In one embodiment, the present invention is implemented as a method of audio signal acquisition. The method includes detecting a plurality of subjects of interest using computer-implemented face detection procedures applied to image data. In one embodiment, the method of detecting further includes automatically selecting an actively speaking subject as the subject of interest based on recorded images of facial movements performed by the actively speaking subject. In one embodiment, the method of detecting further includes automatically detecting the plurality of subjects of interest using computer-implemented facial recognition procedures that recognize eye and nose positions. In one embodiment, the method of determining further includes using camera system focusing features to locate the plurality of subjects of interest.

The method also includes determining a respective face direction associated with each subject of the plurality of subjects relative to a camera system within a 3 dimensional space using the image data associated with the plurality of subjects of interest. In one embodiment, the method of determining further includes determining a respective 3 dimensional coordinate position for each subject of the plurality of subjects of interest using stereoscopic cameras.

Additionally, the method includes producing a respective output audio signal for each subject of the plurality of subjects of interest using a directional audio capture arrangement by focusing a plurality of audio beams in the face directions of the plurality of subjects of interest, in which the output audio signals enhance audio originating from the plurality of subjects of interest relative to other audio. In one embodiment, the audio capture arrangement comprises an array of microphones. In one embodiment, the method of focusing further includes electronically steering the plurality of audio beams to filter out directionally inapposite audio received relative to the respective face direction of each subject of the plurality of subjects of interest using beamforming procedures.

BRIEF DESCRIPTION OF THE DRAWINGS

The accompanying drawings, which are incorporated in and form a part of this specification and in which like numerals depict like elements, illustrate embodiments of the present disclosure and, together with the description, serve to explain the principles of the disclosure.

FIG. 1A depicts an exemplary system in accordance with embodiments of the present invention.

FIG. 1B depicts an exemplary facial detection process in accordance with embodiments of the present invention.

FIG. 1C depicts an exemplary active speaker detection process in accordance with embodiments of the present invention.

FIG. 1D another exemplary active speaker detection process in accordance with embodiments of the present invention.

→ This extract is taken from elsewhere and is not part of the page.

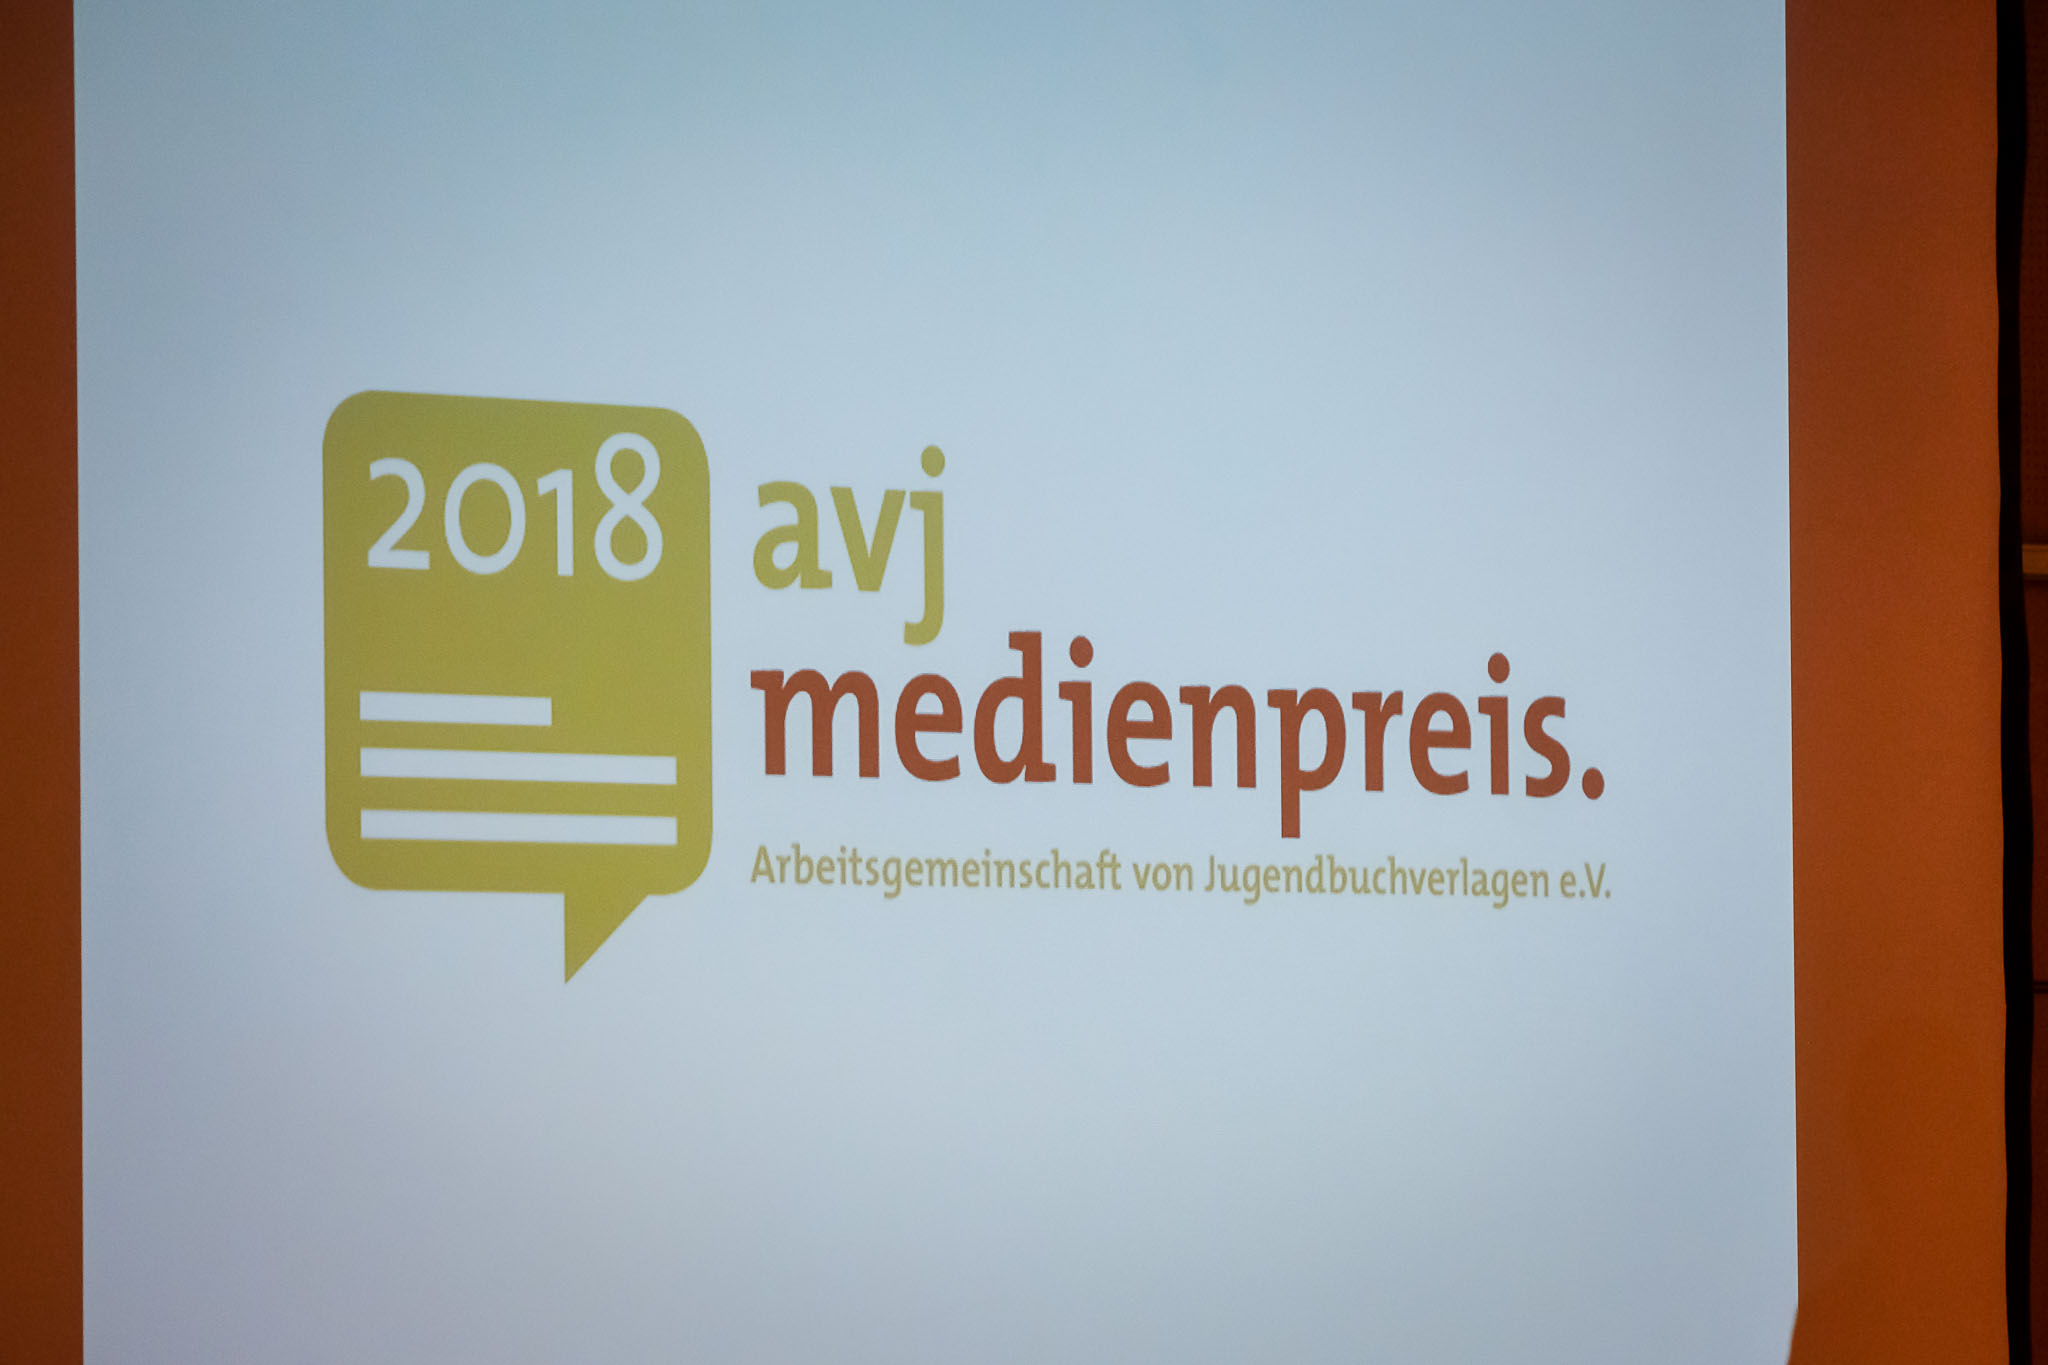 avj medienpreis 2018
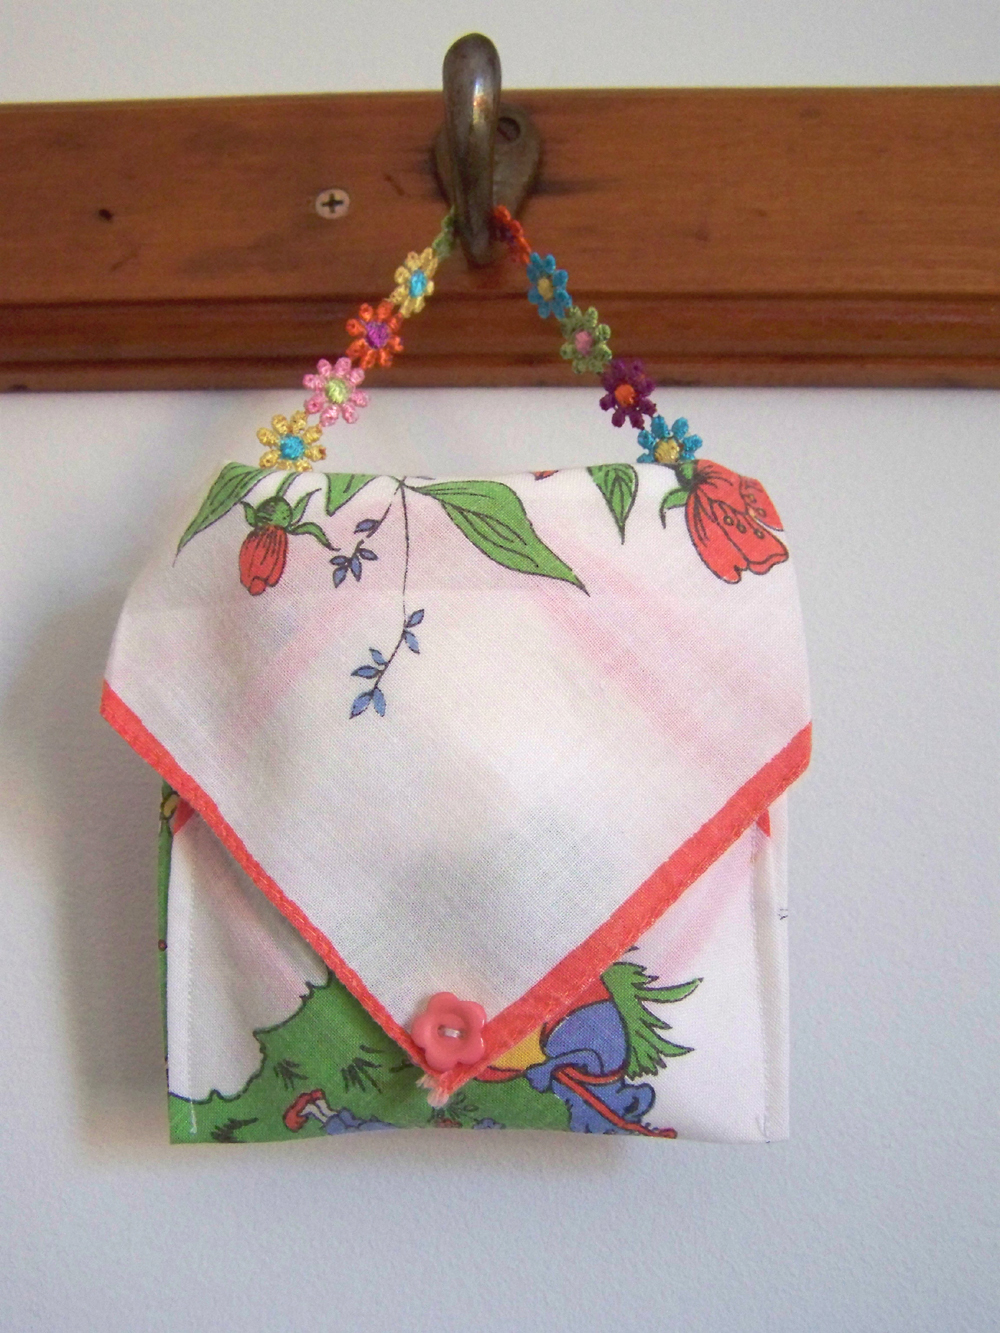 How to Make a Handkerchief - Easiest Method

FIG. 1E depicts another exemplary face direction determination process in accordance with embodiments of the present invention.

FIG. 1F depicts an exemplary 3D full subject position determination process in accordance with embodiments of the present invention.

FIG. 2A is an illustration that depicts how a system determines a current audio signal direction relative to the system in accordance with embodiments of the present invention.

FIG. 2B is an illustration that depicts an exemplary audio beam positioning process in accordance with embodiments of the present invention.

FIG. 2C is another illustration that depicts an exemplary audio beam positioning process in accordance with embodiments of the present invention.

FIG. 3A illustrates yet another exemplary audio beam positioning process in accordance with embodiments of the present invention.

FIG. 3B illustrates yet another exemplary audio beam positioning process in accordance with embodiments of the present invention.

FIG. 4 is a flow chart that depicts an exemplary audio enhancing process in accordance with embodiments of the present invention.

DETAILED DESCRIPTION

Reference will now be made in detail to the various embodiments of the present disclosure, examples of which are illustrated in the accompanying drawings. While described in conjunction with these embodiments, it will be understood that they are not intended to limit the disclosure to these embodiments. On the contrary, the disclosure is intended to cover alternatives, modifications and equivalents, which may be included within the spirit and scope of the disclosure as defined by the appended claims. Furthermore, in the following detailed description of the present disclosure, numerous specific details are set forth in order to provide a thorough understanding of the present disclosure. However, it will be understood that the present disclosure may be practiced without these specific details. In other instances, well-known methods, procedures, components, and circuits have not been described in detail so as not to unnecessarily obscure aspects of the present disclosure.

Portions of the detailed description that follow are presented and discussed in terms of a process. Although operations and sequencing thereof are disclosed in a figure herein (e.g., FIG. 4) describing the operations of this process, such operations and sequencing are exemplary. Embodiments are well suited to performing various other operations or variations of the operations recited in the flowchart of the figure herein, and in a sequence other than that depicted and described herein.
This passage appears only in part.